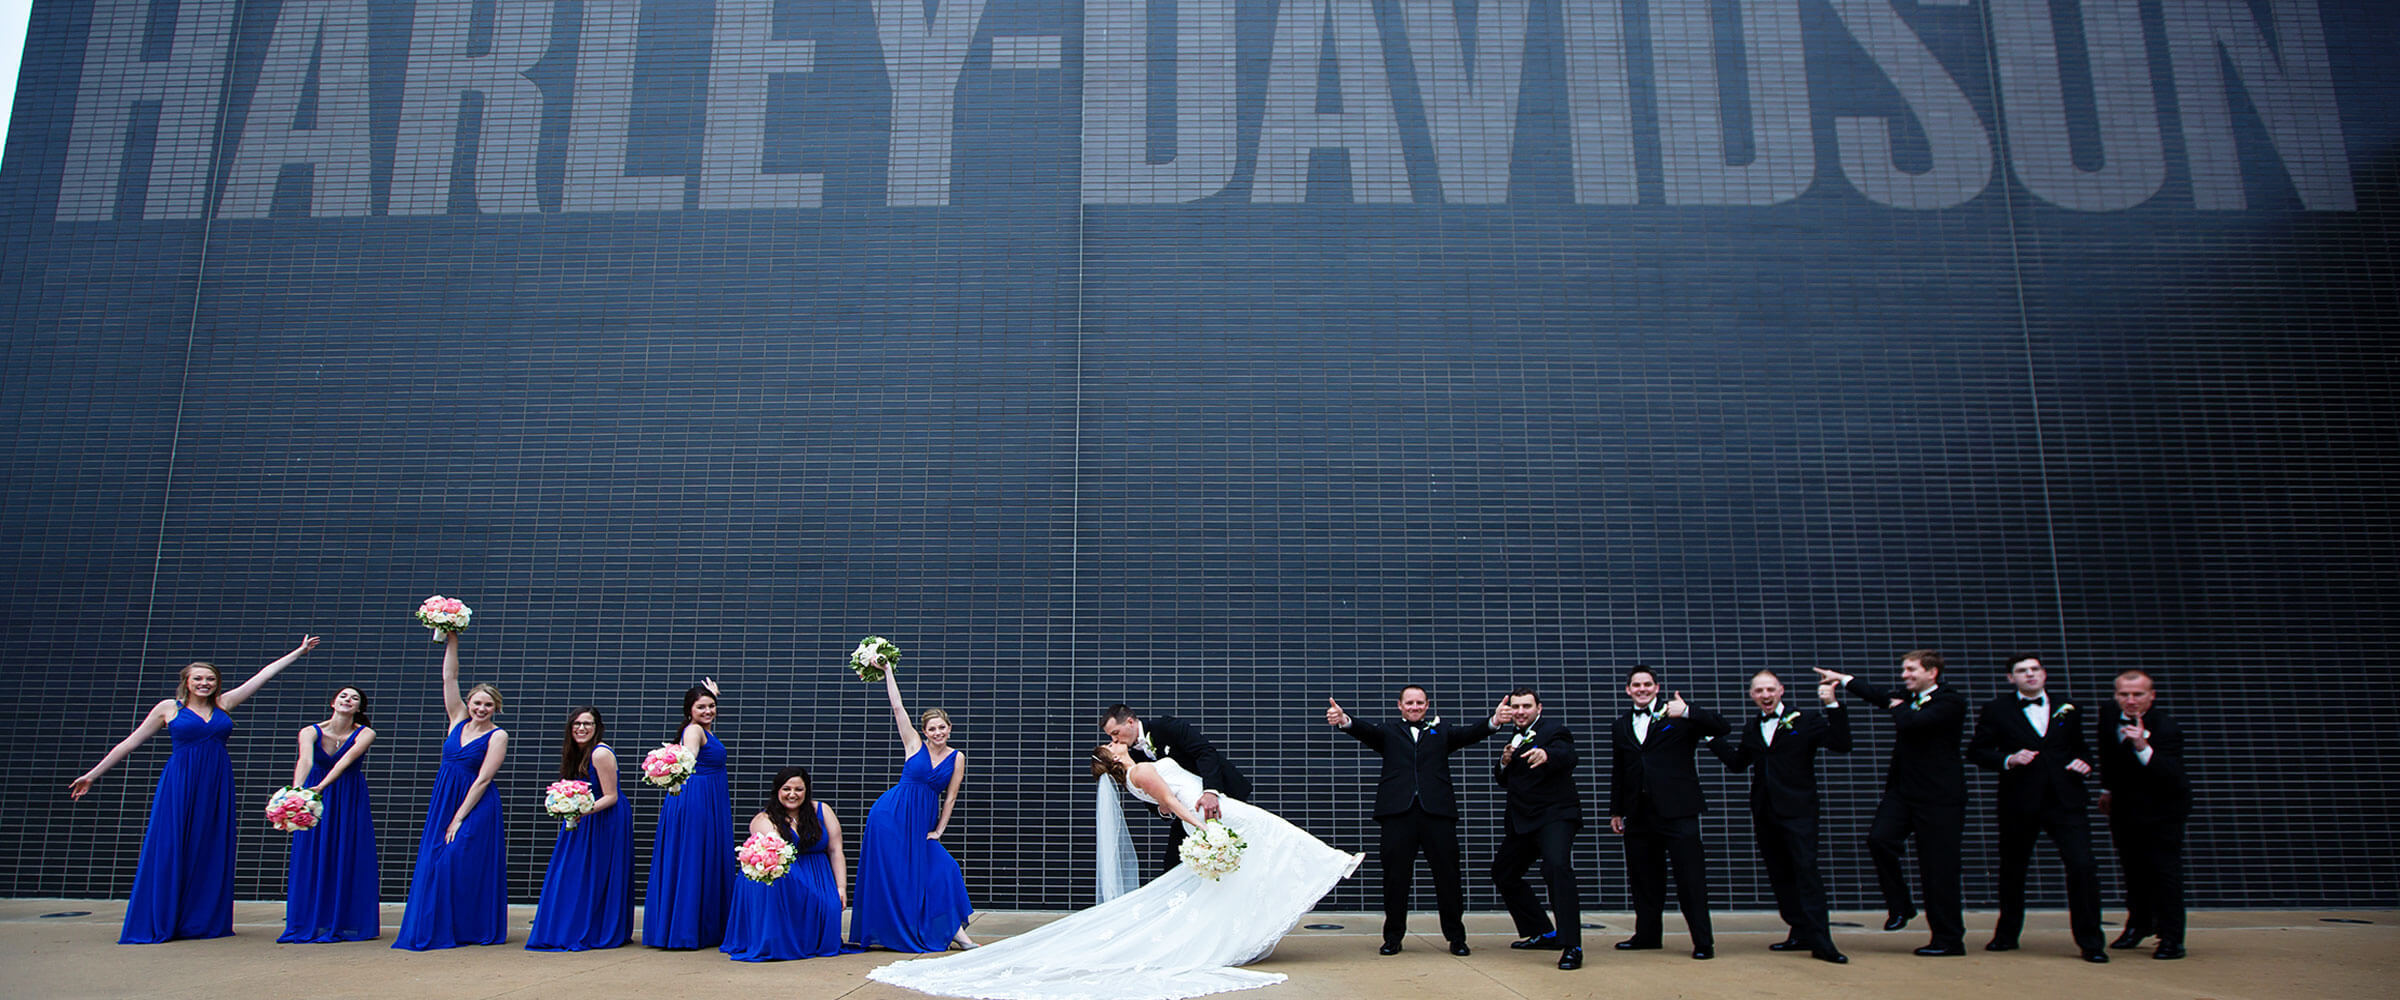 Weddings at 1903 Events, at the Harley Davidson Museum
* * *
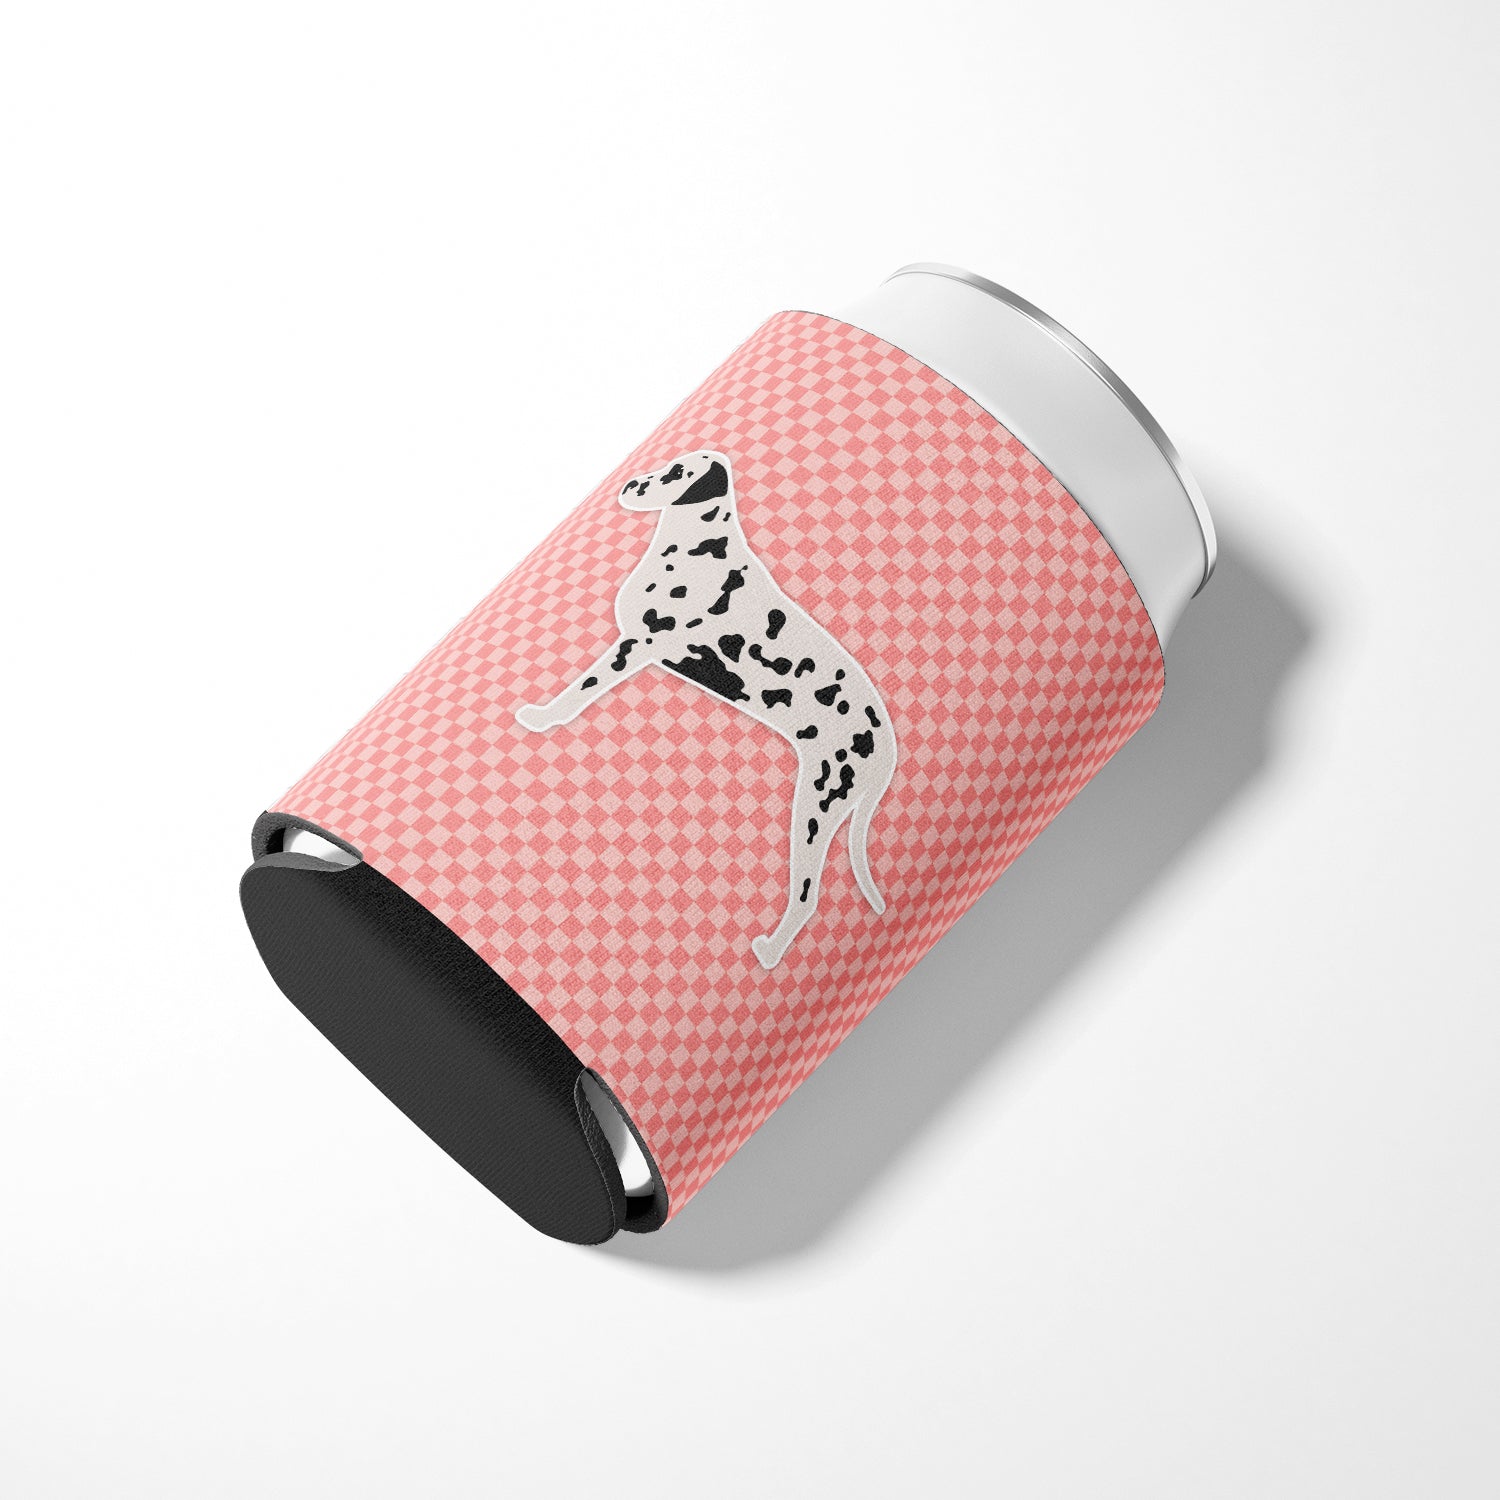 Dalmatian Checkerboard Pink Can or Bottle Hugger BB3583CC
==
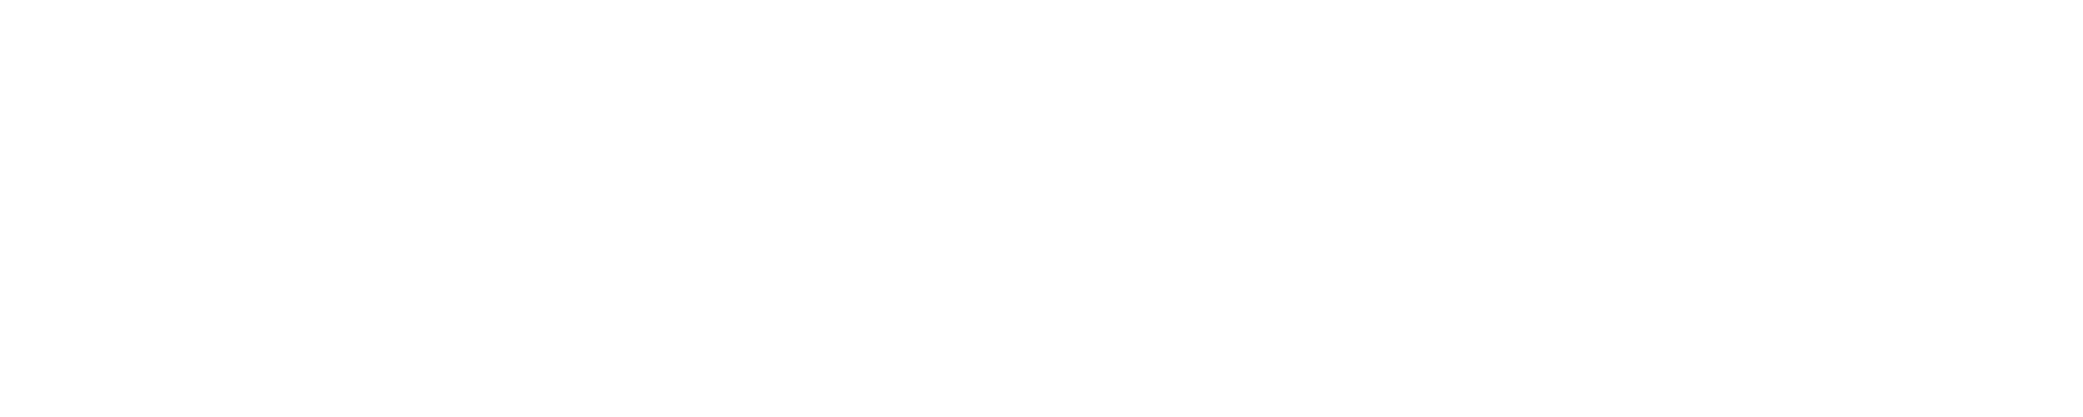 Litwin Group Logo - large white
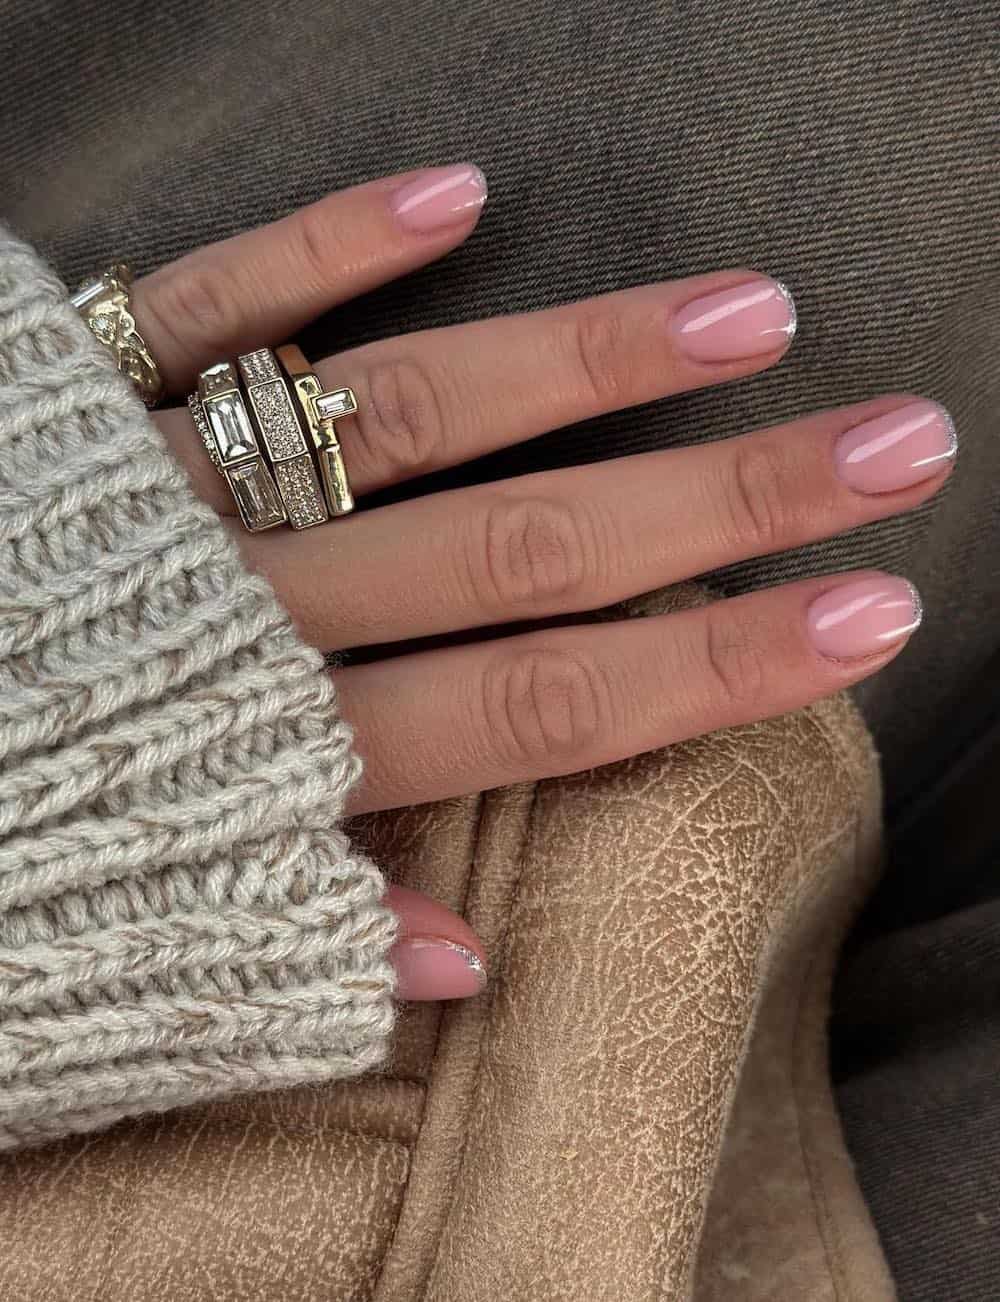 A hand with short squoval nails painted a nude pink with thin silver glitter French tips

• Task statement:
From the data above, return only the lines starting at the line that holds "Litwin Group Logo - large white" and ending at the line that holds "A hand with", word for word and without pictures.

• Solution:
 Litwin Group Logo - large white
 A hand with short squoval nails painted a nude pink with thin silver glitter French tips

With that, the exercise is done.